Rogue states are a huge threat – even if they won’t attack, they will sell nuclear arsenals to terrorists


Monroe 9 (Robert, retired U.S. Navy vice admiral and former director of the Defense Nuclear Agency, “A Perfect Storm over Nuclear Weapons”, September 1, Air and Space Power Journal, http://www.airpower.au.af.mil/airchronicles/apj/apj09/fal09/monroe.html)

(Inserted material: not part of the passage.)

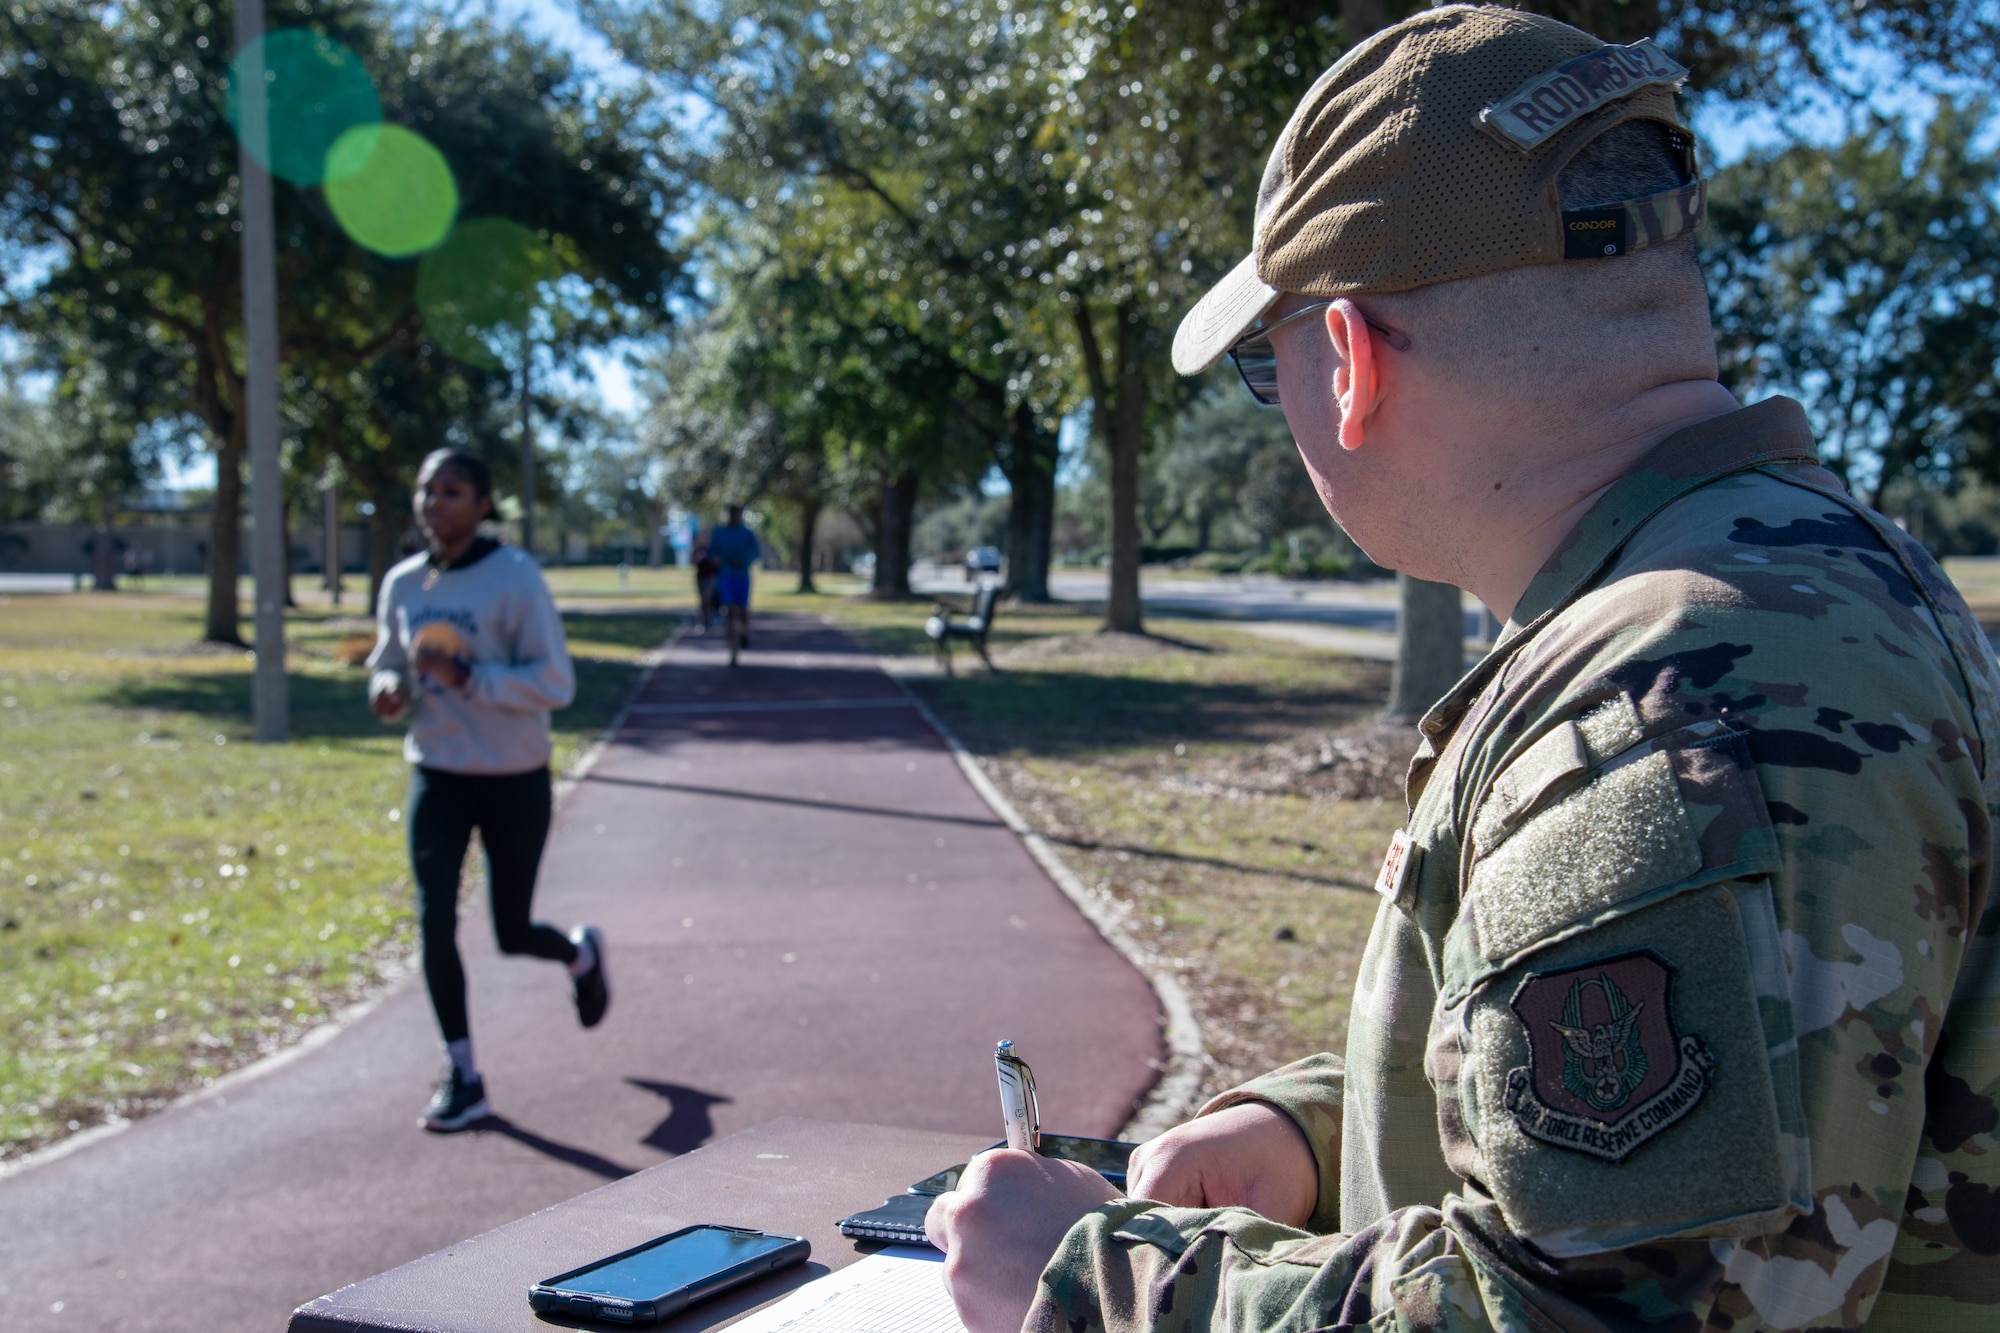 A person runs on a track in the background as MSgt Rodriguez marks a sheet of paper while looking at the runner

Pakistan possesses nuclear weapons, and it is modernizing them. Its political situation is so unstable that those 100-odd weapons could soon fall into the hands of Islamic fundamentalists, for many of whom America is the principal target. North Korea and Iran are rogue states, well on their way to becoming nuclear-weapon powers, and, to date, the world has chosen not to stop them. The North Koreans have already conducted two nuclear-weapon tests, and if they successfully begin production of capable weapons, they would probably sell them to any state or organization able to pay. Iran may have a year or two to go before production, but once that occurs, it could very well transfer weapons to terrorist organizations (e.g., Hezbollah, Hamas, and al-Qaeda) for proxy attacks on the West.

Yes – Nuclear Terrorism




Nuclear terrorisms high probability.


Lt. General Robert G. Gard, Jr. (USA, ret.) is Chairman of the Center for Arms Control and Non-Proliferation, focuses on nuclear nonproliferation, missile defense, military policy, nuclear terrorism, and related national security issues. 2011 (“A Joint Study on Nuclear Proliferation,” The Center for Arms Control and Non-Proliferation, Accessed online at http://armscontrolcenter.org/policy/nuclearterrorism/articles/a_joint_study_on_nuclear_terrorism/, Accessed on 7/29/11)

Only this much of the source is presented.